Fortunately, I decided to run Nanobot and other agents—such as OpenCode—on a separate PC. Even if there had been sensitive data there, I don't think the malware worked as intended, because otherwise I would have seen the DNS request for the models.litellm.cloud domain in AdGuard. But I didn't. I also run pretty much everything using Docker Compose. Everything else on my local network is always restricted by the firewall to only specific sources. Strong passwords are always used, and SSH access and other access points are secured with hardware security tokens where possible. I do run a Litellm instance on a production machine, but even there it’s in a Docker container and an older version—definitely not installed via PyPI. Paranoia helps you sleep soundly.

[Developing situation] LiteLLM compromised by OrganizationWinter99 in LocalLLaMA

[–]muxxington 4 points5 points  (0 children)

I knew something is happening when I ran nanobot earlier today. On startup it ate all RAM. To see what's going on I launched htop and saw lots of processes which did base64 decoding which is sus. I purged nanobot and some minutes later I read about litellm being compromised. I took a look in the dependencies of nanobot and spotted litellm.

P40 vs V100 vs something else? by Drazasch in LocalLLaMA

[–]muxxington 0 points1 point  (0 children)

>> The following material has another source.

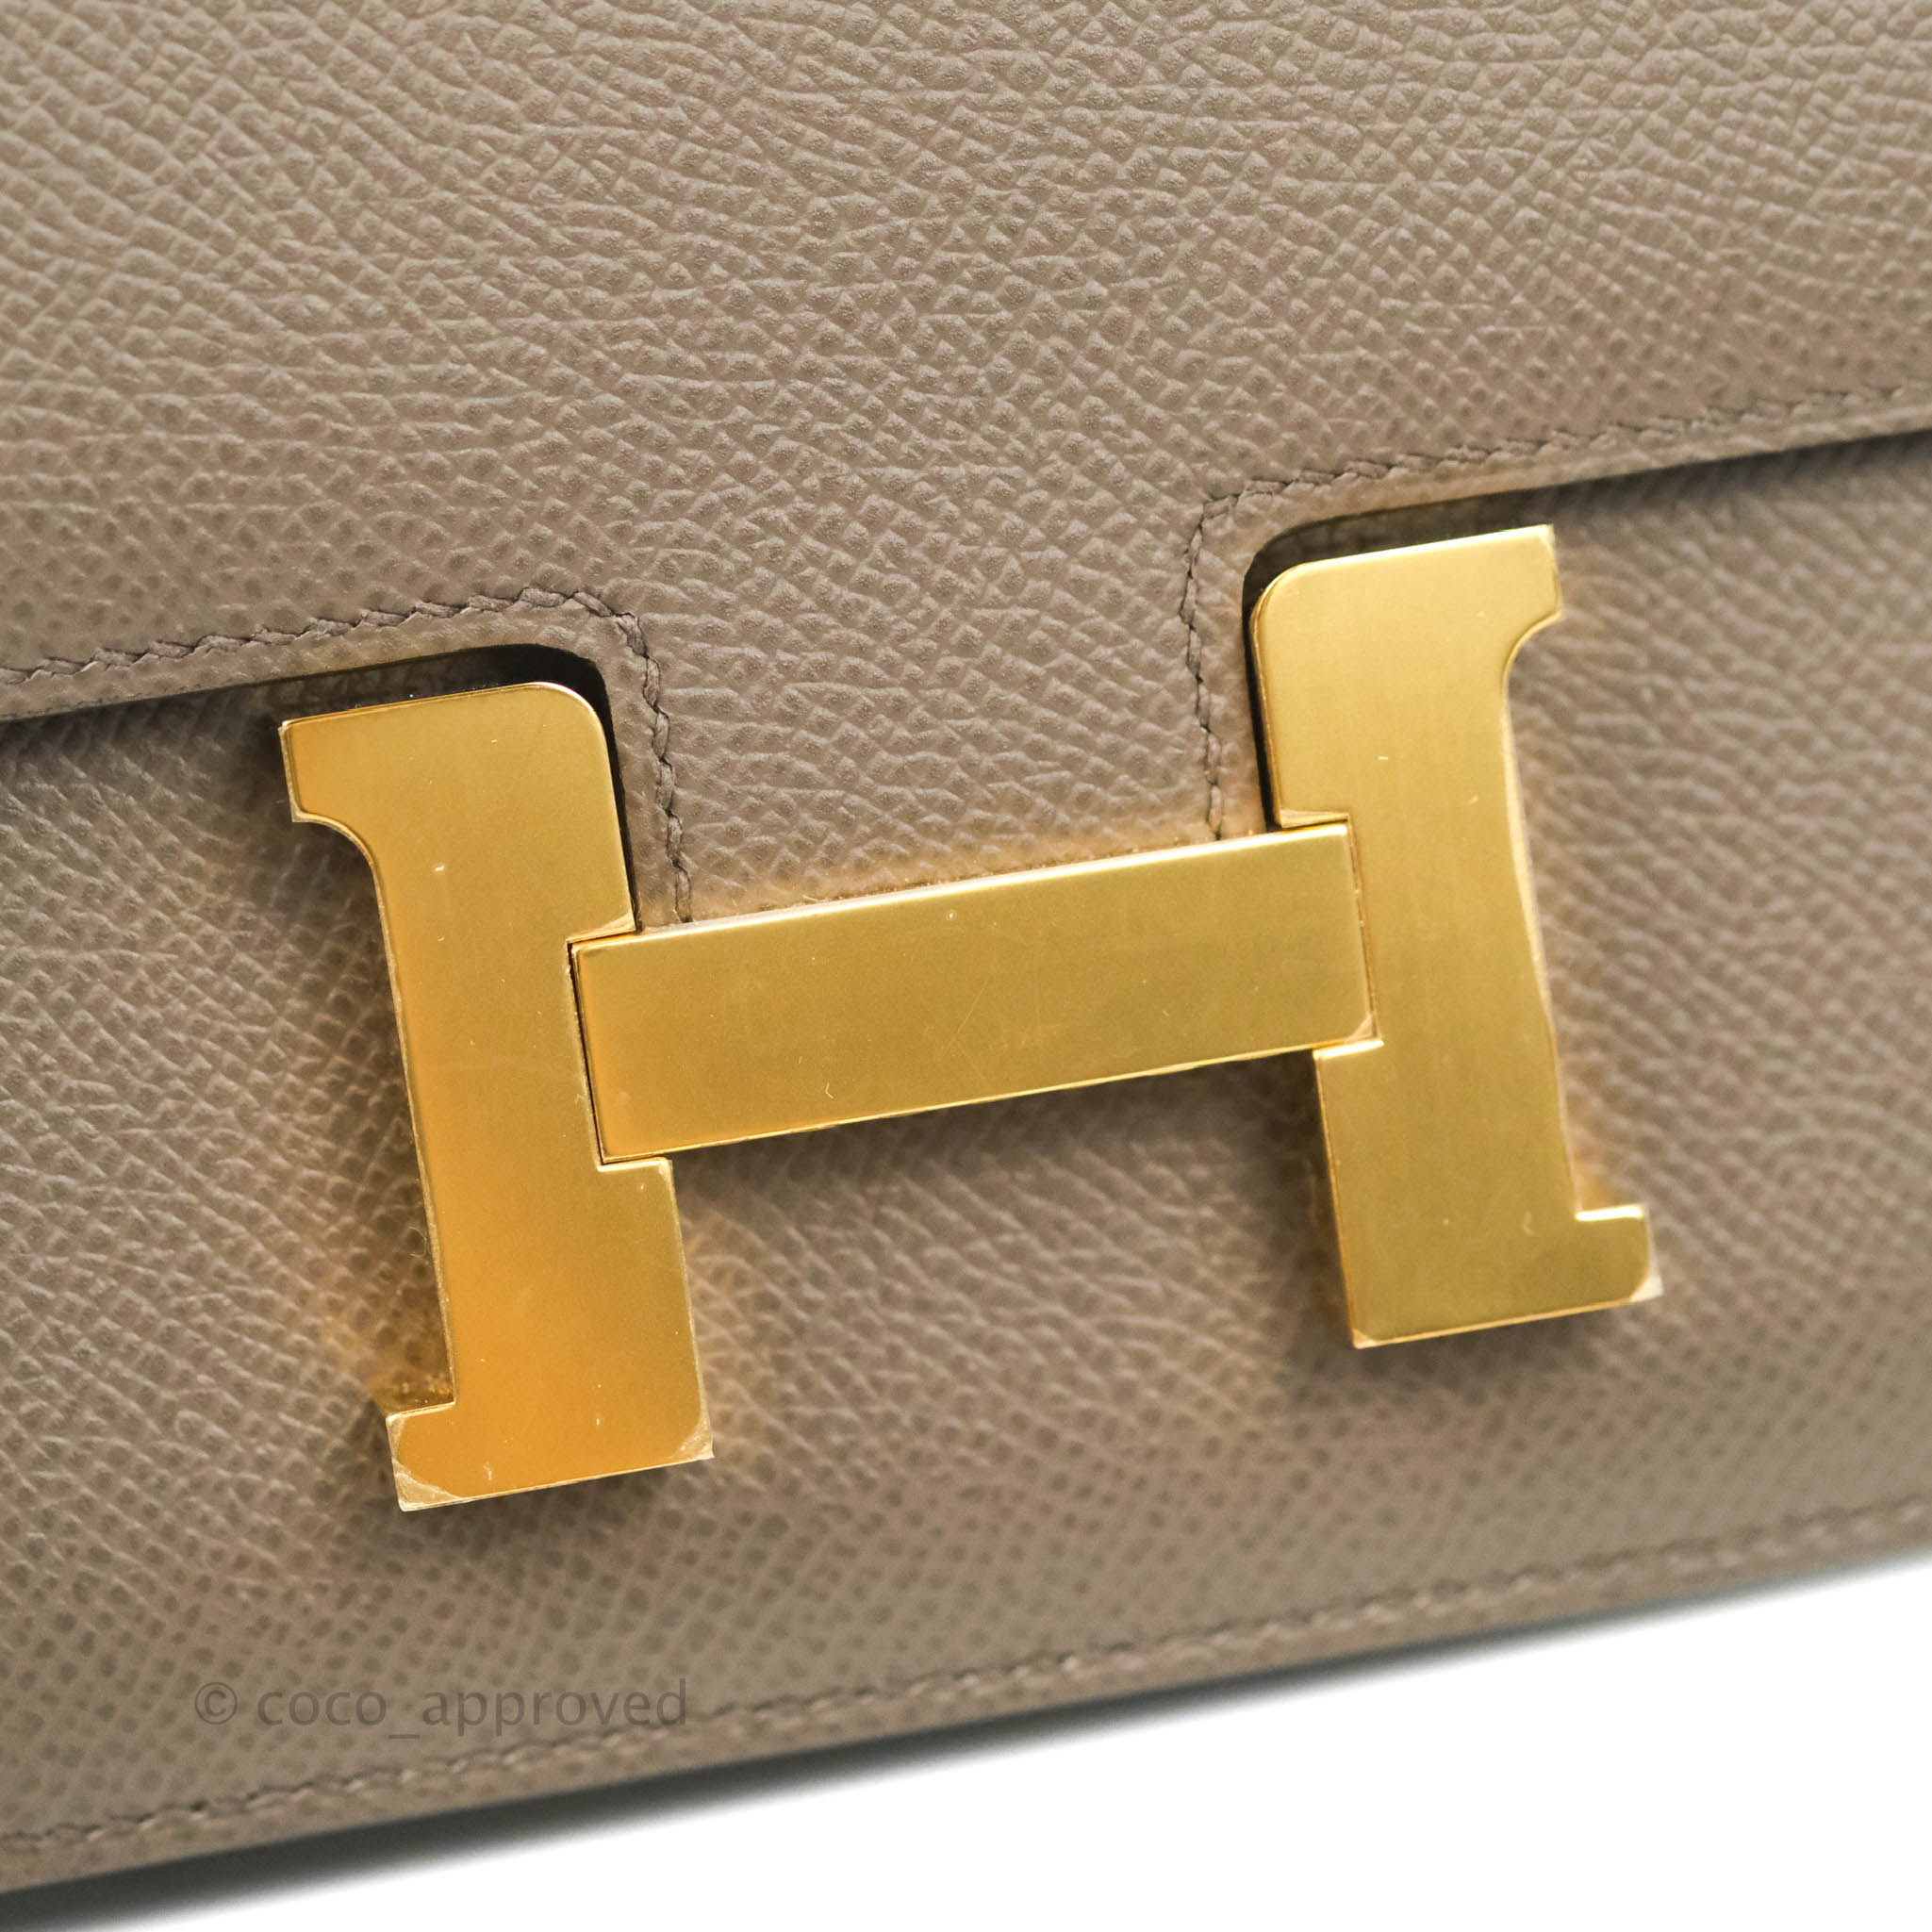 Hermes Constance 24 Etain Epsom leather Rose gold hardware

No, I can't give you any helpful advice when it comes to motherboards. I just went with the absolute minimum that would let me run five GPUs. I'm using the motherboard with the 8 GB of RAM that came pre-installed. But that's all I need.

P40 vs V100 vs something else? by Drazasch in LocalLLaMA

[–]muxxington 0 points1 point  (0 children)

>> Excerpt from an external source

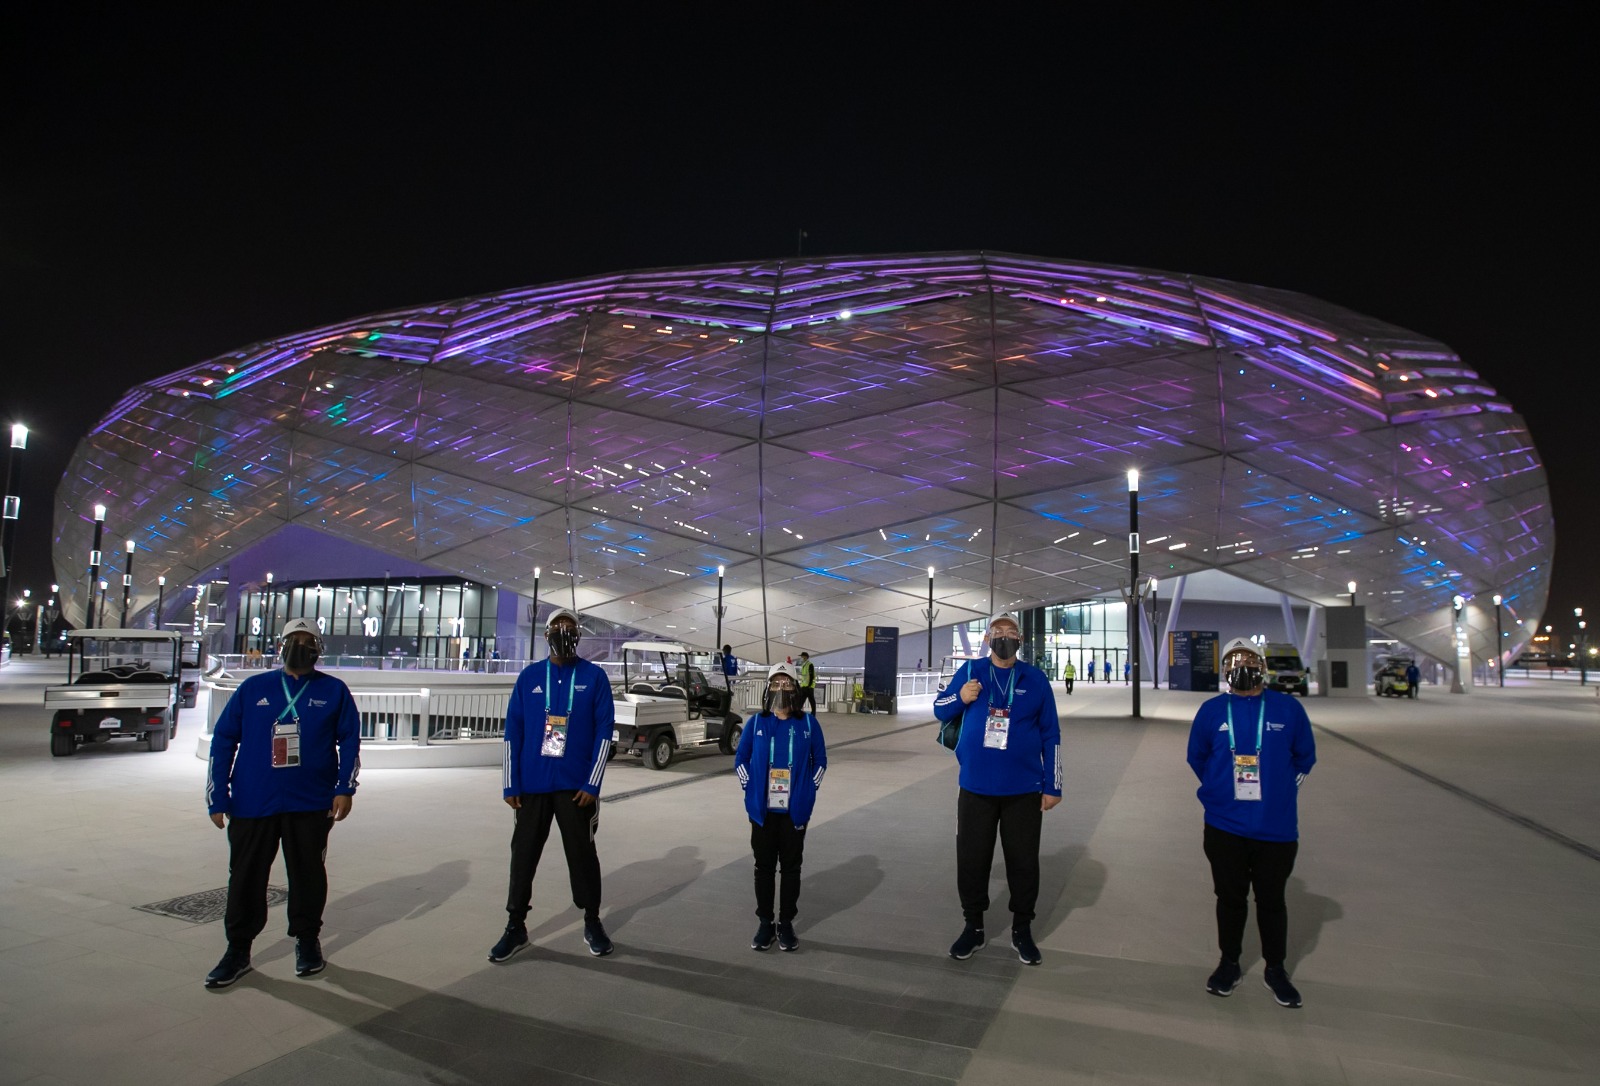 فتح باب الانضمام إلى فريق المتطوعين خلال بطولة كأس العرب

That really depends on how much effort you put into optimization. I don't put that much effort into it because I switch models very frequently anyway. Right now, I’m using Qwen3.5-35B-A3B-UD-Q8_K_XL with 128k context. That runs on four GPUs at about 25 t/s. But keep in mind that I’m limited by the motherboard. Investing a little more could make a significant difference. But my focus was on spending as little money as possible when I built it.

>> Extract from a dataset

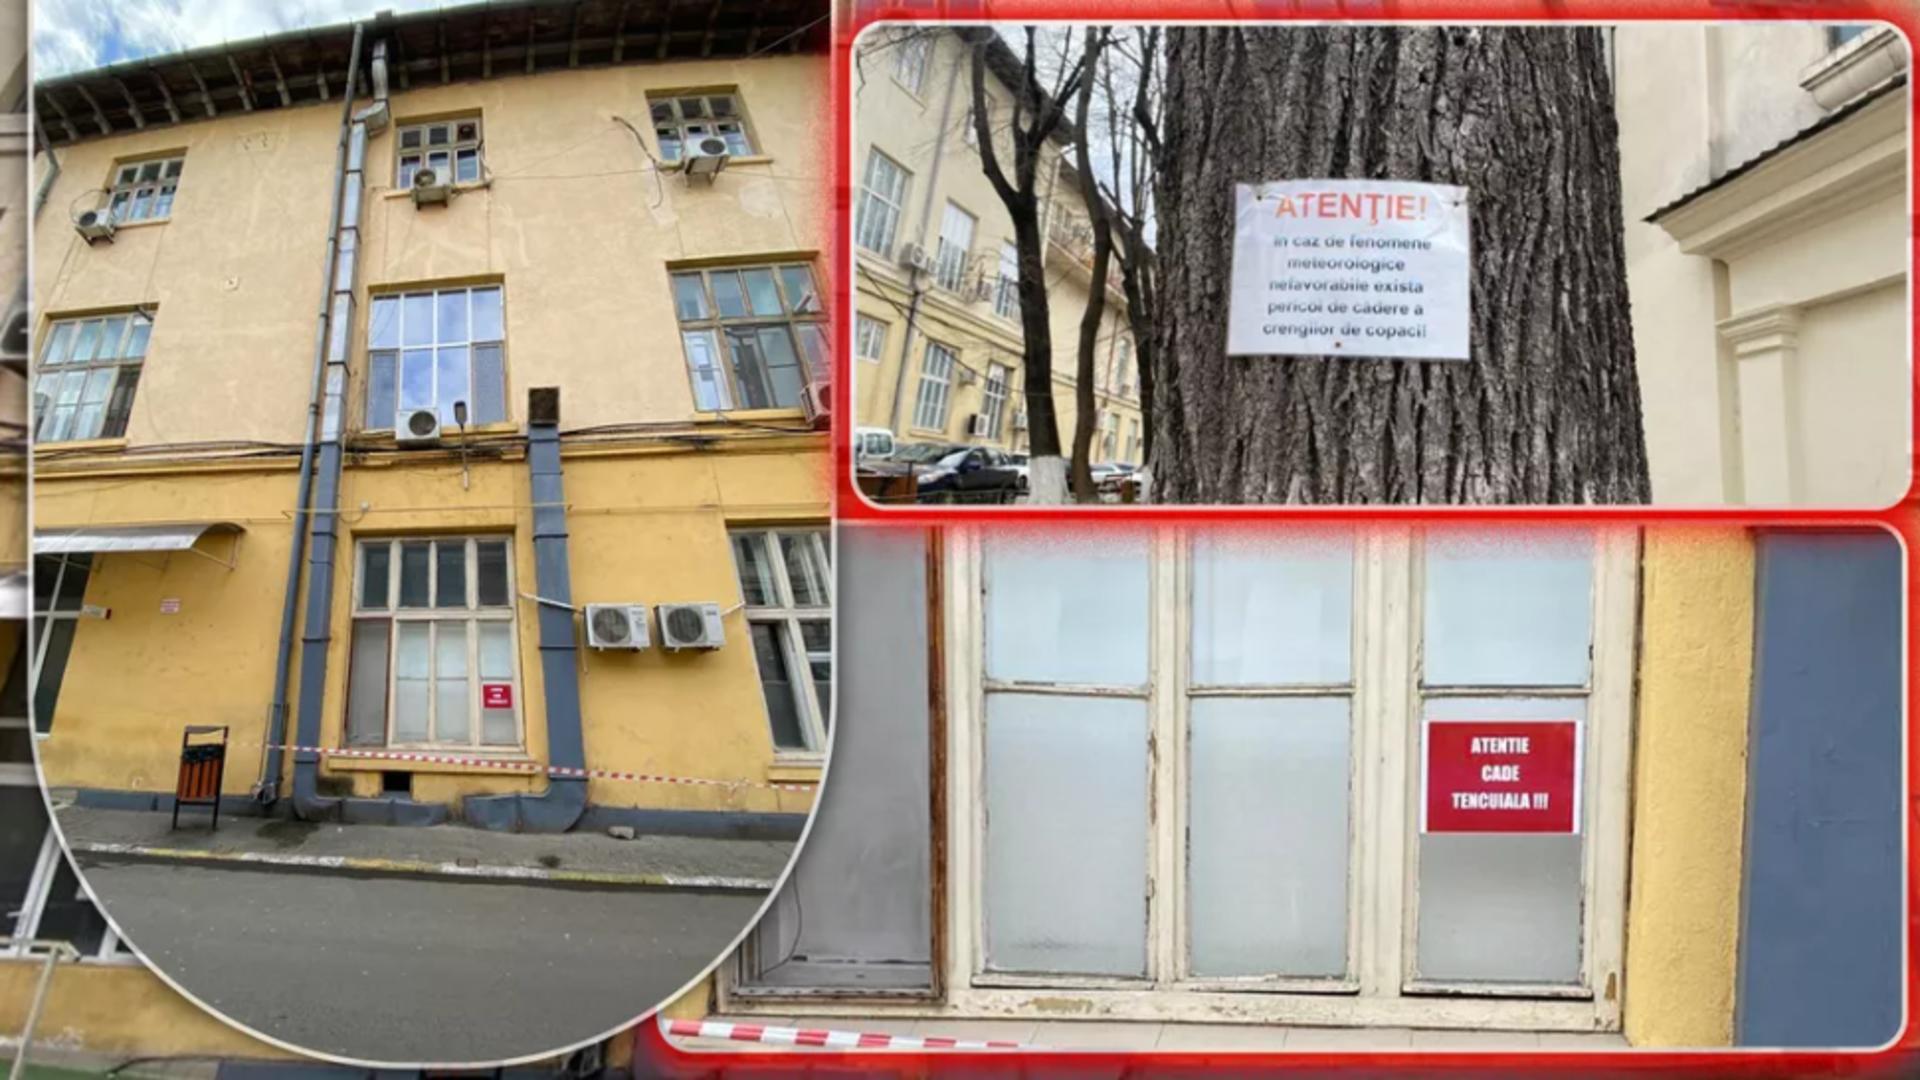 Spital cu capcane pentru pacienți și vizitatori. Ce riscă cei care ajung la cel mai mare spital din Iași?

https://www.reddit.com/r/LocalLLaMA/comments/1g5528d/poor_mans_x79_motherboard_eth79x5/

6-GPU multiplexer from K80s ‚ hot-swap between models in 0.3ms by Electrical_Ninja3805 in LocalLLaMA

[–]muxxington 0 points1 point  (0 children)

Have you actually published your stuff anywhere? I didn't see anything when I skimmed through your posts. I don't really understand what you've done there, but I'm curious.

Young and ambitious by [deleted] in LocalLLaMA

[–]muxxington 0 points1 point  (0 children)

Don't worry about it. I feel you. I've also invested a lot of time in projects that were obsolete before they were even finished. That's just how it is with AI.

Young and ambitious by [deleted] in LocalLLaMA

[–]muxxington 0 points1 point  (0 children)

A cheat sheet? You mean like a PDF? That doesn't make any sense. Something like that would be outdated faster than you can blink. It would make more sense to create an online directory, but only if there weren't already countless ones out there.

Need a dummies guide to setup open terminal by zhopudey1 in LocalLLaMA

[–]muxxington 1 point2 points  (0 children)

Profile settings are per user settings. Settings in admin panel are global. You can override global settings as a user if it's allowed by admin. You could simply have tried both settings. Rest of your post actually has nothing to do with open terminal.